A “substantial amount of assets” of collapsed cryptocurrency exchange FTX have either been stolen or are missing, an attorney for FTX said on Tuesday at its first hearing in the federal bankruptcy court in Delaware, U.S.
“What we have is a worldwide organization but an organization that was run, effectively as a personal fiefdom of Sam Bankman-Fried,” said James Bromley of law firm Sullivan & Cromwell, who was appointed counsel by new FTX leadership.
“We have witnessed probably one of the most abrupt and difficult collapses in the history of corporate America,” he added.
Bromley’s description of FTX came after the exchange filed for Chapter 11 bankruptcy on Nov. 11. In a bankruptcy filing on Nov. 14, FTX said that it has more than 100,000 creditors and that figure could exceed one million.
A document presented at the hearing showed that the Cayman Islands had the most FTX users, accounting for 22% of the exchange’s global users before bankruptcy proceedings, followed by 11% in the Virgin Islands and 8% in the U.K. Users in the U.S. accounted for 2% of the global total.
FTX Trading and its affiliates were found to owe their 50 largest creditors about US$3.1 billion, according to Forkast’s calculation based on the estimates listed in a bankruptcy filing FTX submitted on Saturday.
The creditors were not named in the filing, and on Tuesday at the hearing, Delaware District Court Judge John Dorsey granted a motion to redact the names of the top 50 creditors, but said he will reconsider it at a later date.
“I need to make sure I’m protecting the interests of these individuals,” Judge Dorsey said. “This is a space where it’s all done over the Internet, and everyone in this room knows the Internet is fraught with potential dangers.
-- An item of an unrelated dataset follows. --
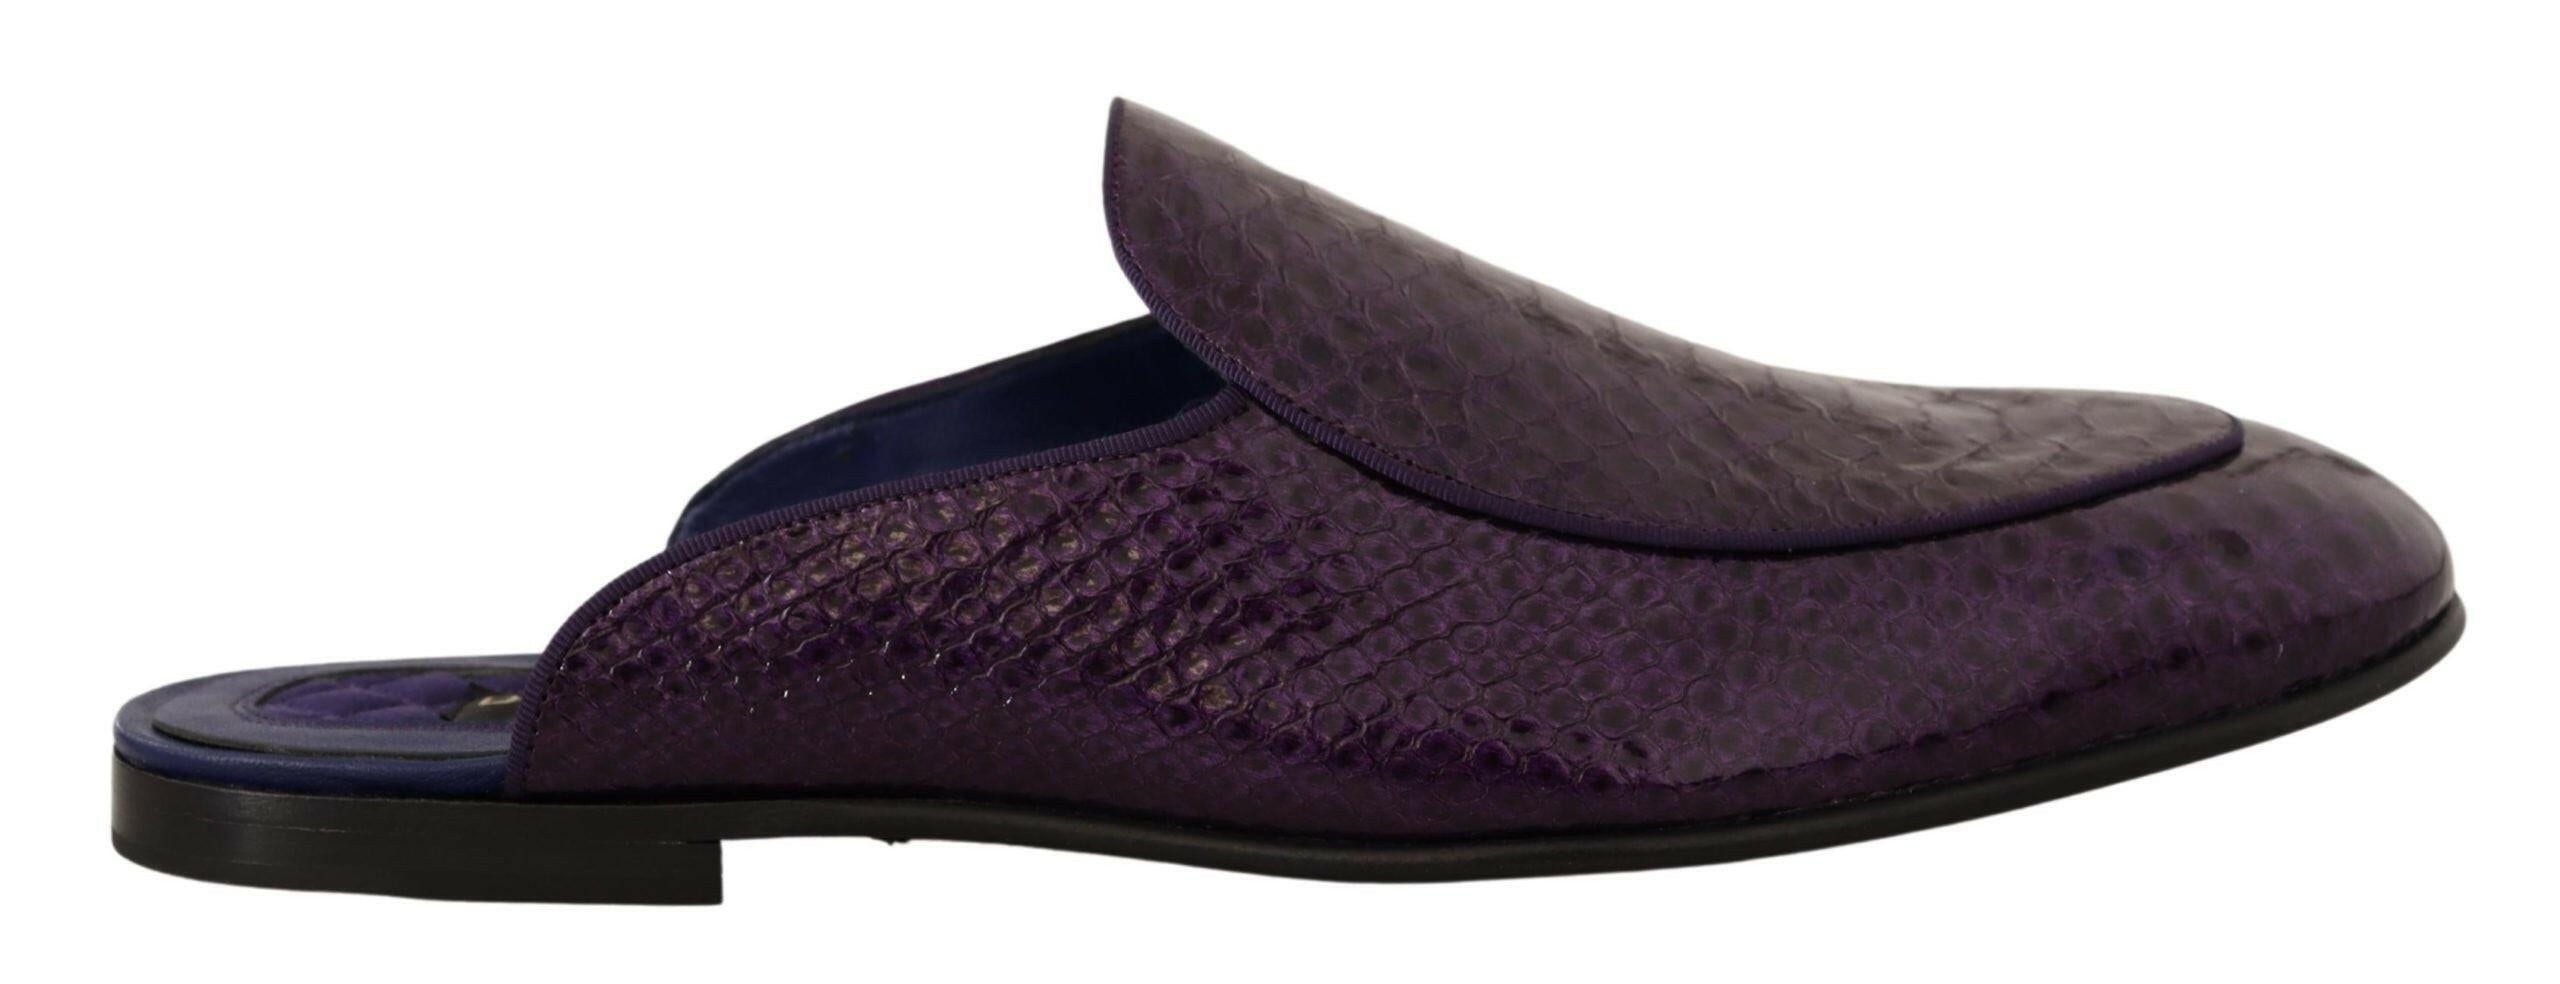 Dolce & Gabbana Purple Exotic Leather Flats Slides Shoes - GENUINE AUTHENTIC BRAND LLC

Hacking happens all the time. People’s individual accounts get hacked.”
Judge Dorsey added: “I think it’s important that we protect those individuals who are seeking to participate in this case, want to file their proofs of claim, but also want to protect their assets.”
Judge Dorsey will take up a Chapter 15 bankruptcy case that Bahamian liquidators filed to the New York federal court and will transfer the case to Delaware.
John J. Ray III, FTX’s new CEO, said in a statement on Saturday that FTX has started a strategic review of the group’s global assets.
“It will be a priority of ours in the coming weeks to explore sales, recapitalizations or other strategic transactions with respect to these subsidiaries, and others that we identify as our work continues,” Ray said in the statement.
FTX currently has about 260 employees, an FTX representative told the judge on Tuesday.
Bromley told the judge on Tuesday that FTX did not just suffer a run on the bank but “a leadership crisis.”
“The FTX companies were controlled by a very small group of people led by Mr. Sam Bankman-Fried,” Bromley said. “During the run on the bank, his leadership frayed and that led to resignations throughout the ranks.”
Ningwei Qin contributed to this report.